Relating Psychiatric Symptoms and Self-Regulation During the COVID-19 Pandemic
Post by Andrew Vo
The takeaway
Stressors, such as the COVID-19 pandemic, can significantly affect our mental health and cognitive abilities. Individual differences in self-regulation and psychiatric symptoms can make us more vulnerable to the negative impacts of the pandemic.
What's the science?
Self-regulation is a broad construct, comprised of functions like cognitive control and impulsivity, that allows us to behave flexibly and achieve our goals. Impairment in self-regulation has been linked to several psychiatric disorders (e.g., depression, schizophrenia, obsessive-compulsive disorder). Additionally, environmental stressors may also impair self-regulation. One recent stressor that affected us all is the COVID-19 pandemic, which saw increased stress and anxiety by fear of infection as well as social isolation from containment measures, among other factors. Although the pandemic has had clear negative consequences on our mental health, its specific impact on cognitive function remains unclear. This week in Translational Psychiatry, Vaghi et al. investigated how the onset of the COVID-19 pandemic affected the relationship between different dimensions of psychiatric symptoms and changes in self-regulation.
How did they do it?
The authors relied on an already existing dataset in which, before the pandemic (i.e., 2016), participants were administered a battery of 37 cognitive tasks and 22 self-reported surveys that each examined different facets of self-regulation. In this study, a subset of these individuals were contacted again, to complete the same battery, immediately after the onset of the pandemic (i.e., 2020). After the pandemic onset, these subjects also reported their psychiatric symptoms, well-being, and subjective experience of the pandemic. The authors applied a data-reduction analysis to each set of self-regulation measures and psychiatric questionnaires that distilled the different tasks/surveys and psychopathologies into underlying core factors. Then, they studied how individual differences in psychiatric factors affected longitudinal changes in self-regulation pre- and post-pandemic onset.
What did they find?
The authors found that individual differences in transdiagnostic psychiatric symptoms were related to longitudinal changes in self-regulation measures (task- and survey-based) following pandemic onset.
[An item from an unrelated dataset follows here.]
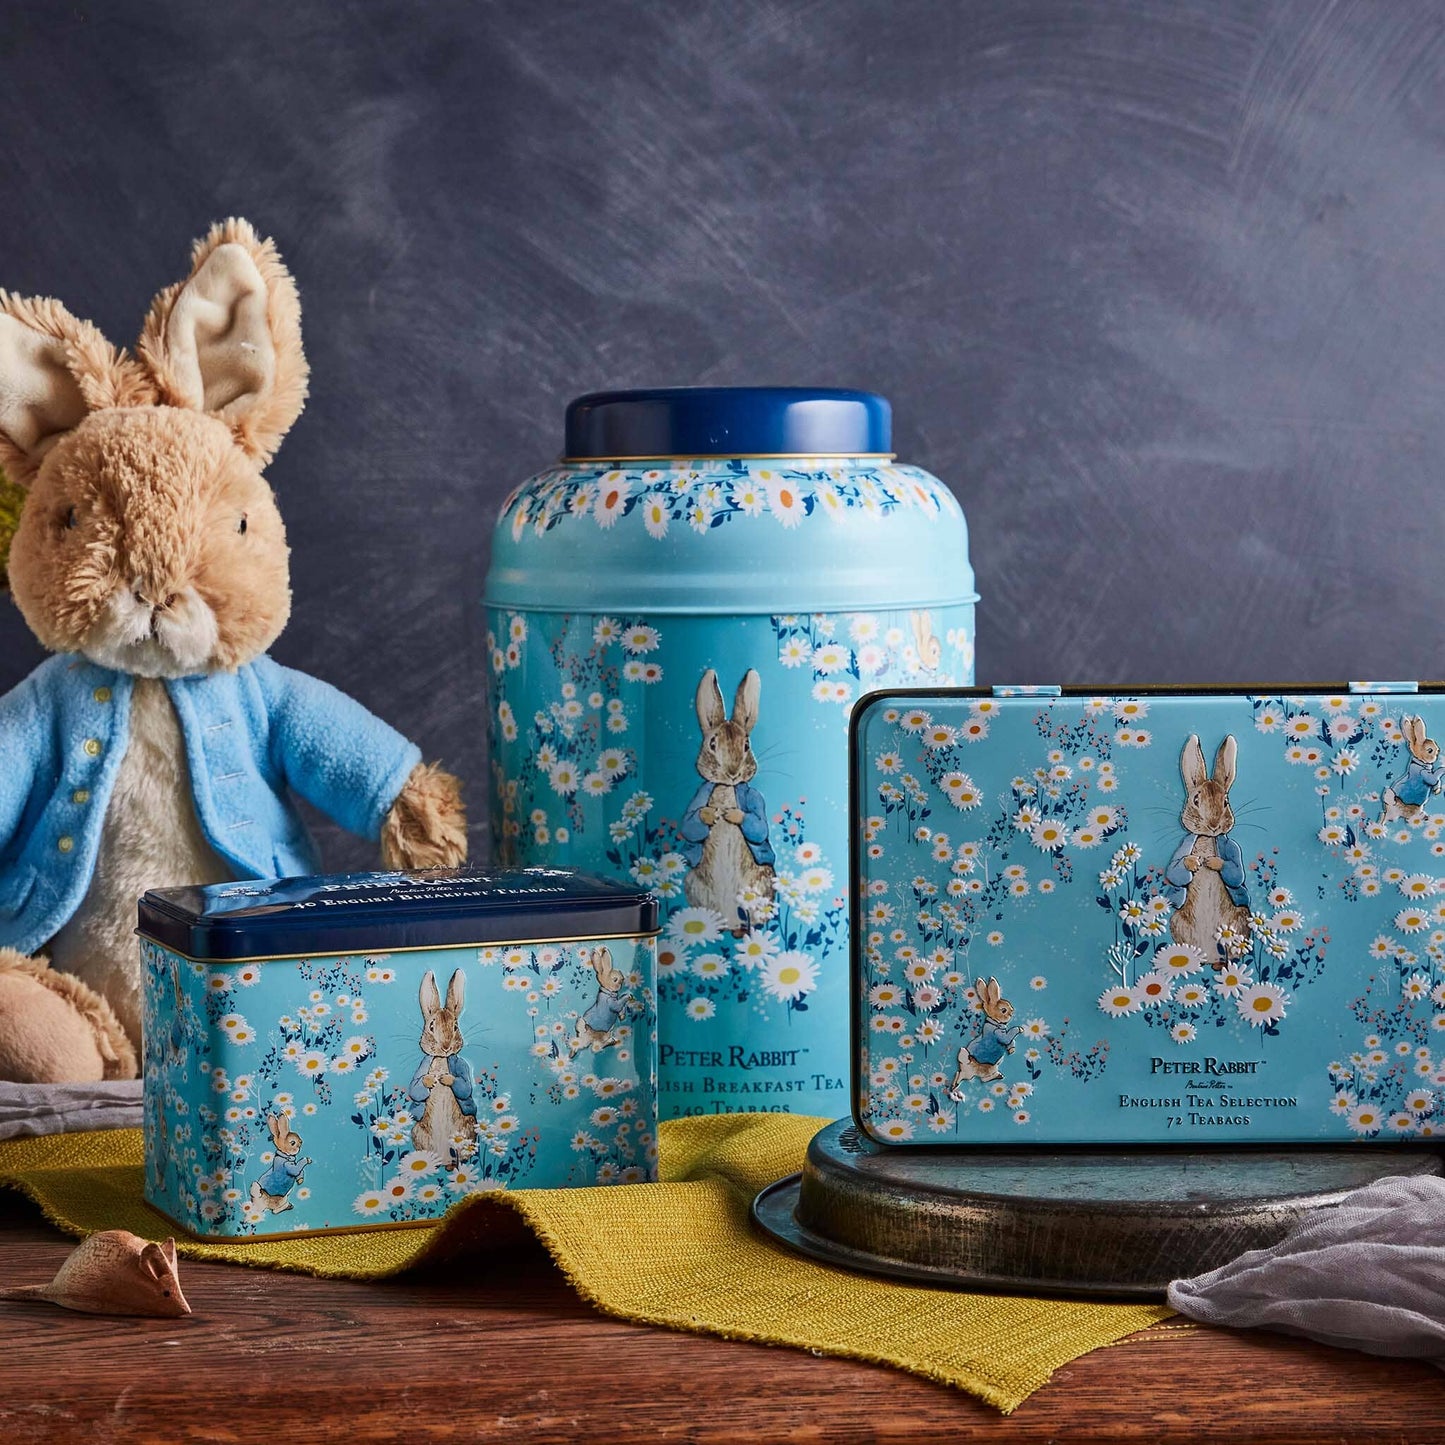 Peter Rabbit Gift Set with Tea Caddy and Plush Toy - New English Teas

For example, they observed that, compared to the period preceding the onset of the pandemic, individuals with high levels of depression/anxiety had more cautious behavior as they needed to accumulate more evidence before making a decision. Those who scored high on a social-withdrawal psychiatric factor demonstrated decreases in the perception-response self-regulation factor.
Though a similar longitudinal effect was not observed when considering survey-based factors, such factors did correlate with concurrent psychiatric scores. Specifically, poor emotional control self-regulation factor was related to several psychiatric factors, including Anxious-Depression, Compulsivity, and Social-Withdrawal. Psychiatric factors were also related to subjective effects of the pandemic, as individuals with higher psychiatric scores reported a greater negative impact of the pandemic.
Finally, the authors tested whether task- or survey-based measures of self-regulation could predict psychiatric symptoms related to the pandemic. They correlated self-regulation factors derived from data collected before (i.e., prospective) or after (i.e., concurrent) pandemic onset with psychiatric factors that were available only after pandemic onset. Whereas survey-based measures could make both prospective and concurrent predictions successfully, task-based measures could not.
What's the impact?
This study showed how individual differences in self-regulation and psychiatric symptoms shape cognitive vulnerabilities to stressors such as the onset of the COVID-19 pandemic. The authors did so by using a comprehensive battery of measures rather than the traditional approach generally limited to a single task or questionnaire. Notably, they examined the effects of a real-life stressor on cognitive function providing greater ecological validity compared to artificial laboratory stressors.